**THE DATA:**
Start of Block

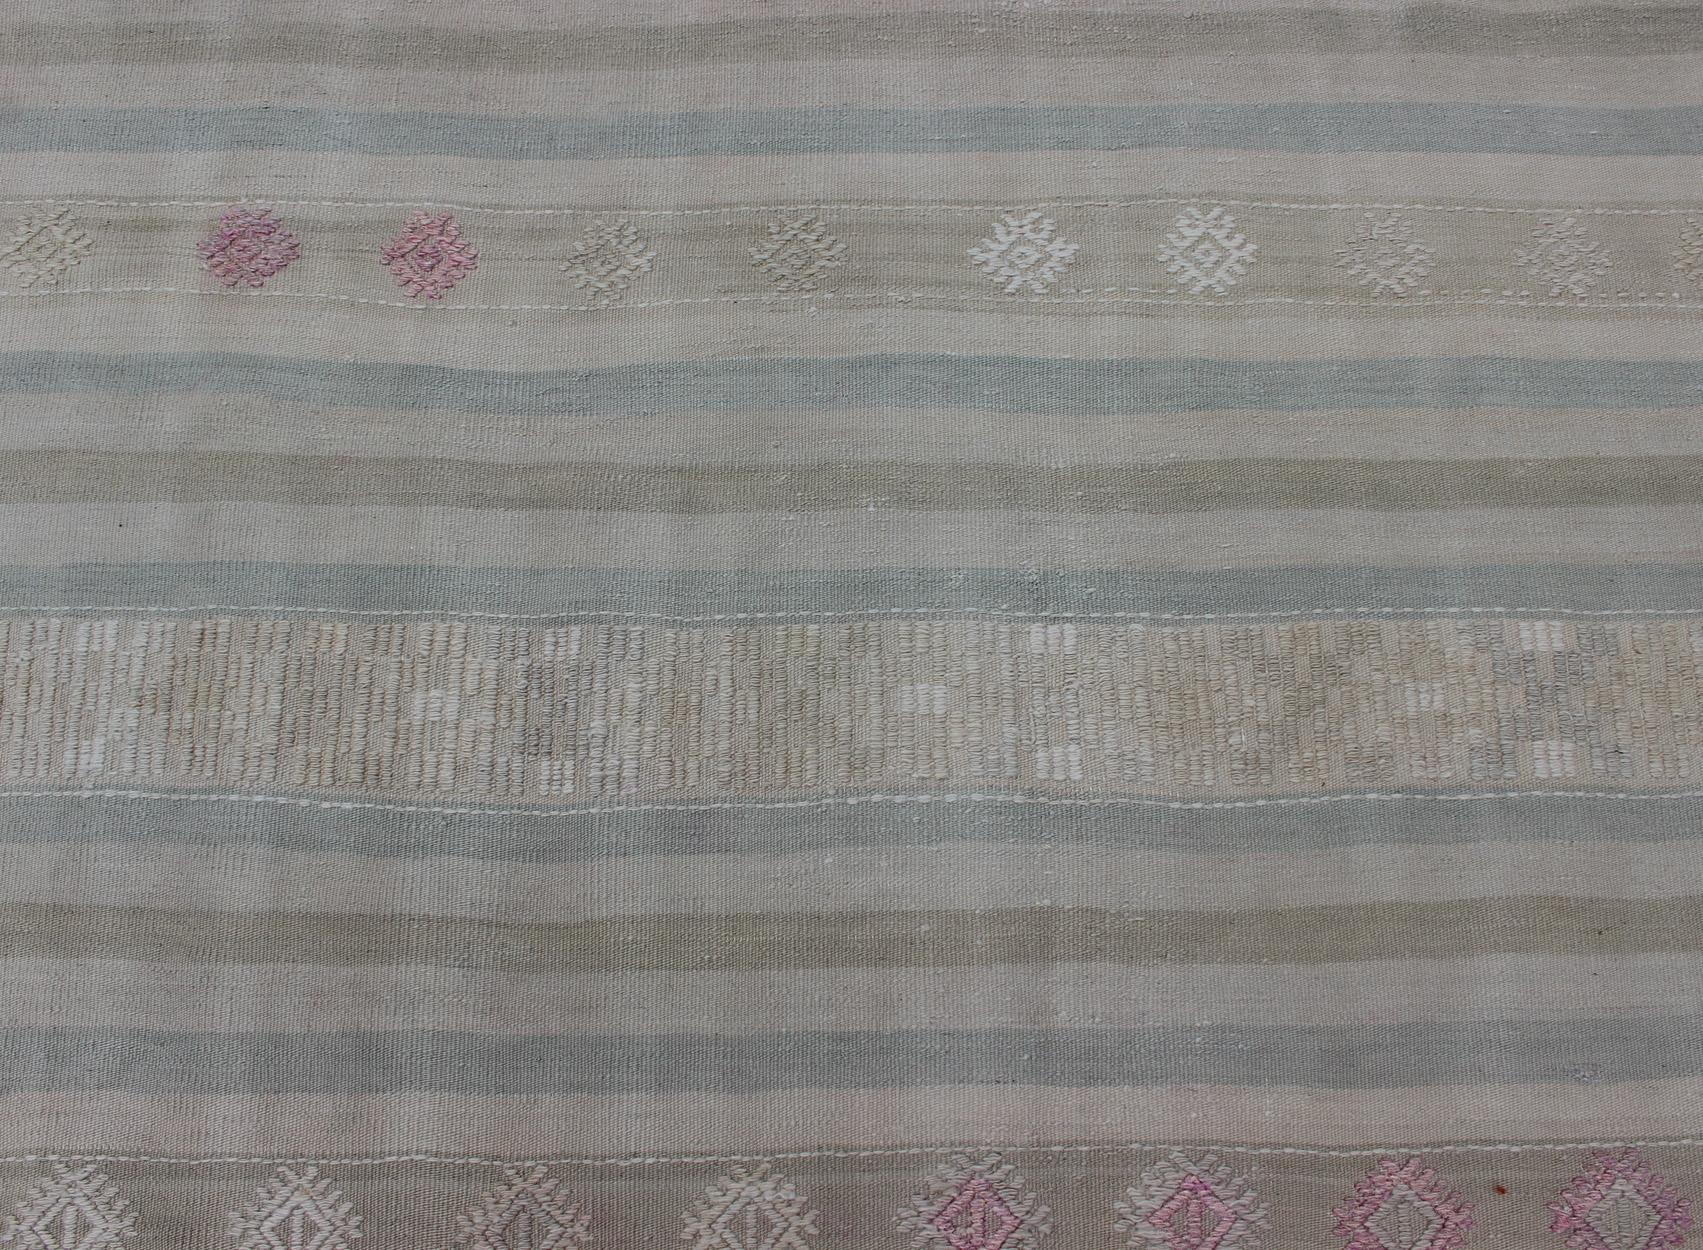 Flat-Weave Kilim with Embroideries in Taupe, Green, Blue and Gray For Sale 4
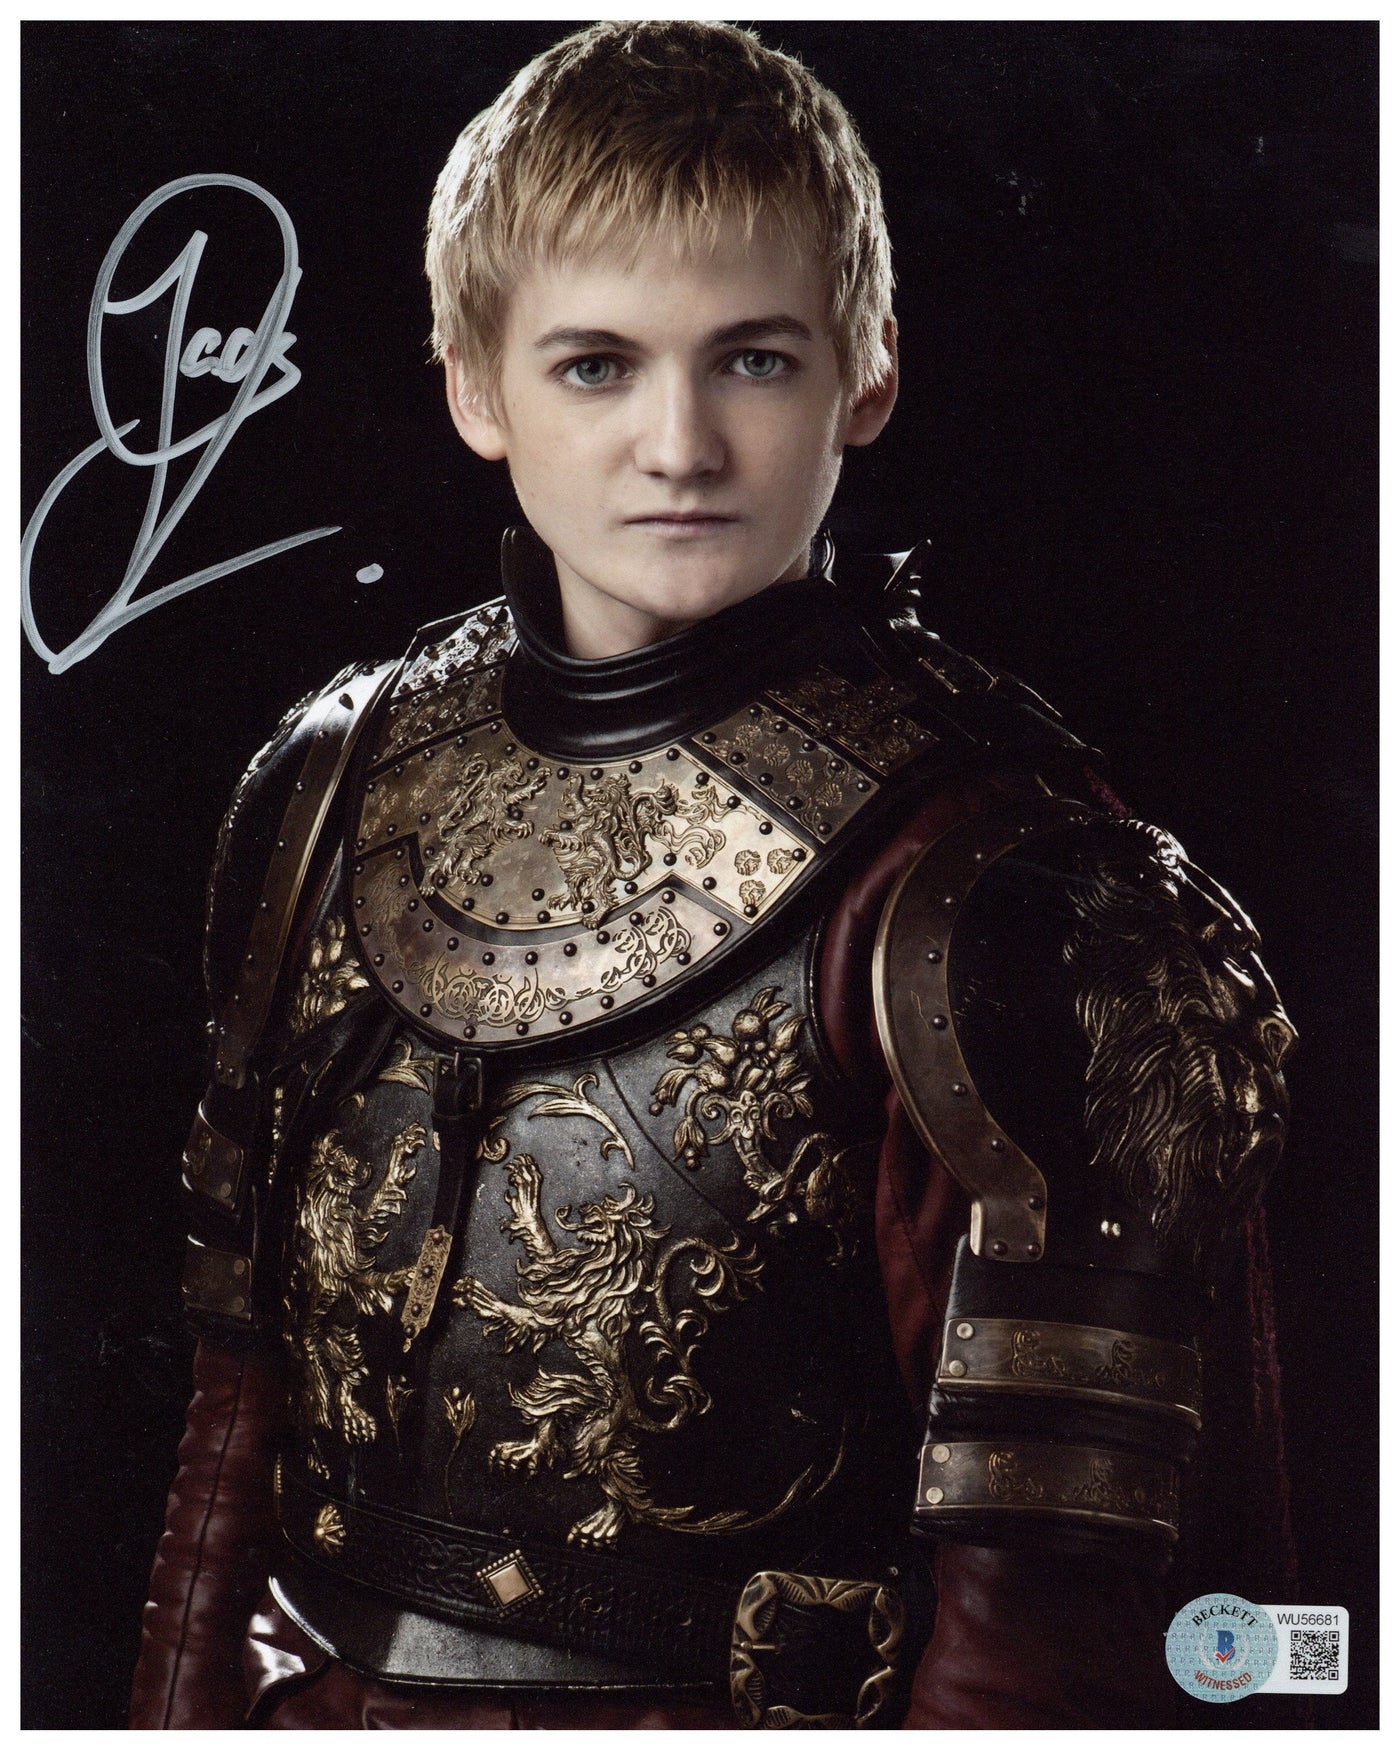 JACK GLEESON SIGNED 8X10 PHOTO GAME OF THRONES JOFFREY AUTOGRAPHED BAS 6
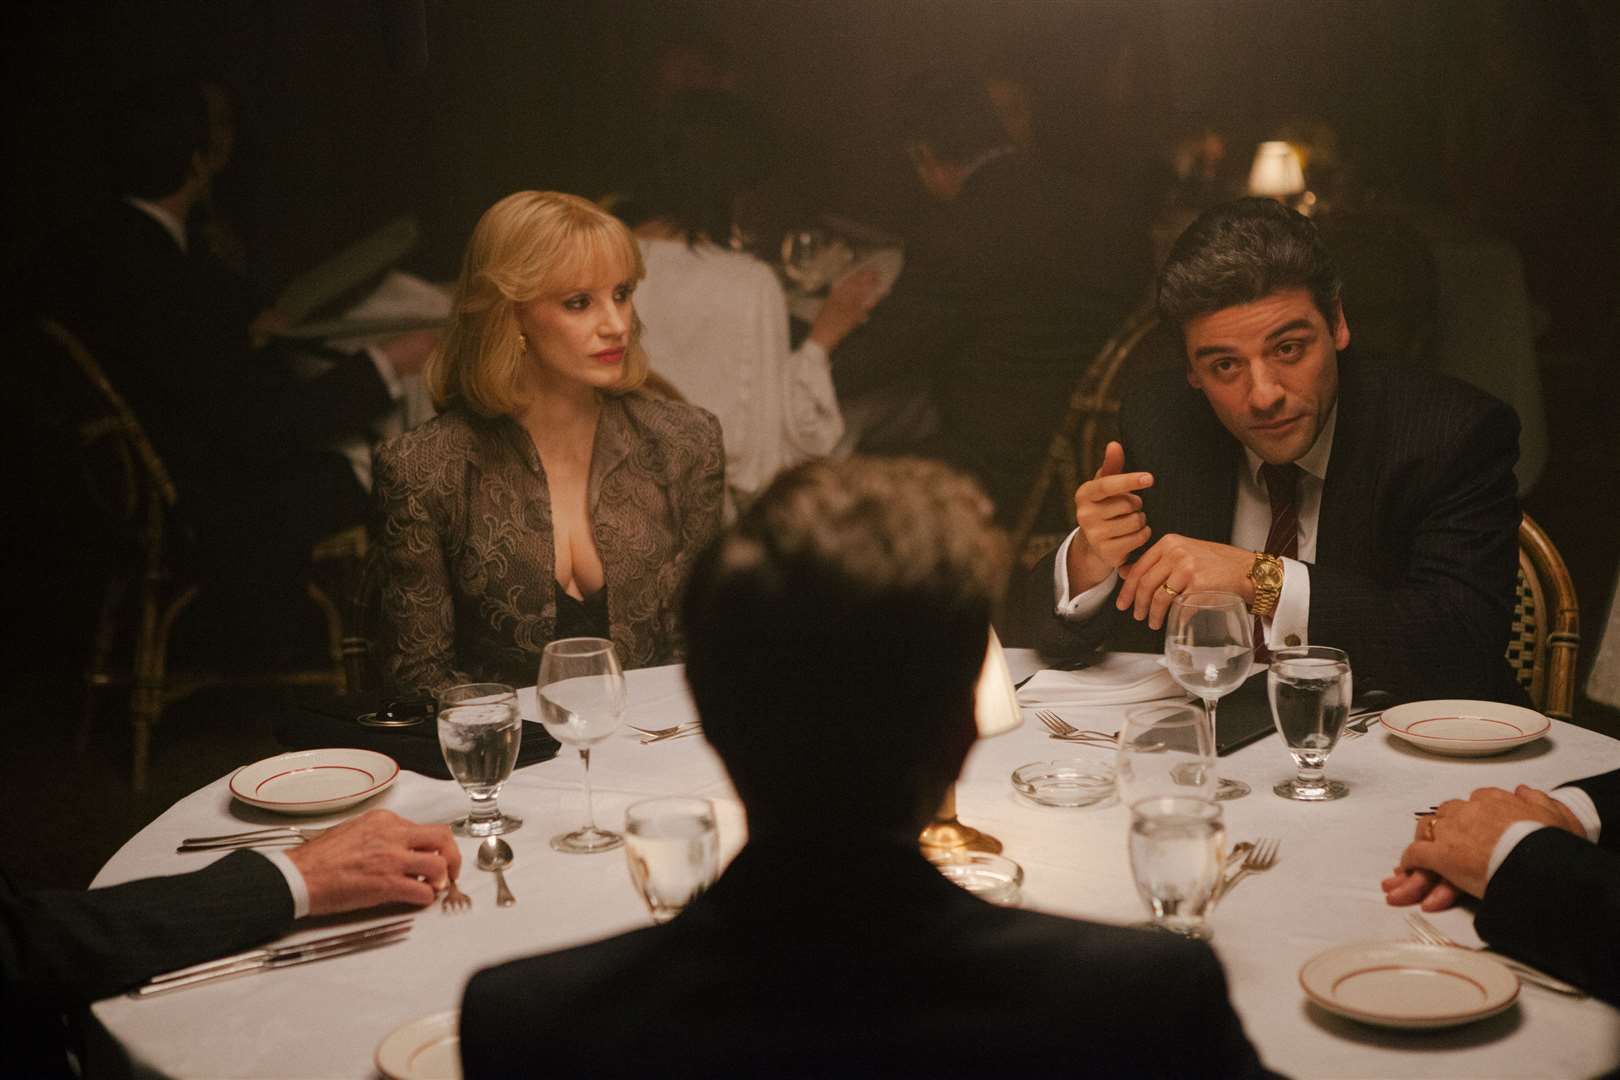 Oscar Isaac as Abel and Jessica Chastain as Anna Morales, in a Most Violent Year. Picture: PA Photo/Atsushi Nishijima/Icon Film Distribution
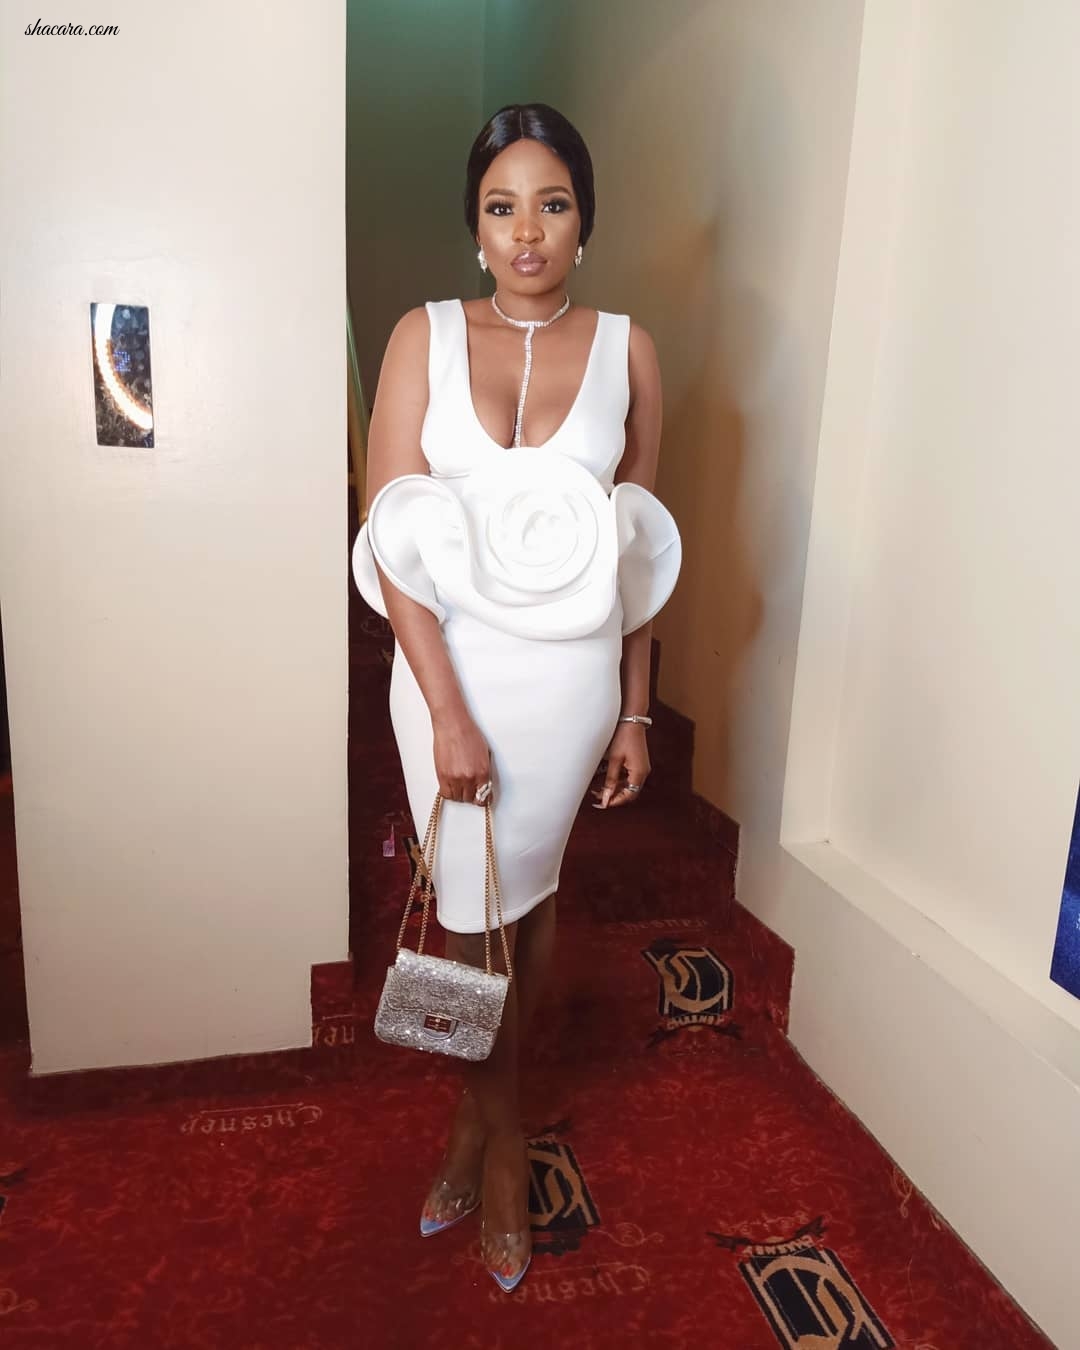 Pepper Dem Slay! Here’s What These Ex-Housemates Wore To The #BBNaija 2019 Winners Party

End of Block

**ACTIVITY:**
Give back the data exactly, with no images.

**WRITTEN ANSWER:**
 Flat-Weave Kilim with Embroideries in Taupe, Green, Blue and Gray For Sale 4
 JACK GLEESON SIGNED 8X10 PHOTO GAME OF THRONES JOFFREY AUTOGRAPHED BAS 6
 Oscar Isaac as Abel and Jessica Chastain as Anna Morales, in a Most Violent Year. Picture: PA Photo/Atsushi Nishijima/Icon Film Distribution
 Pepper Dem Slay! Here’s What These Ex-Housemates Wore To The #BBNaija 2019 Winners Party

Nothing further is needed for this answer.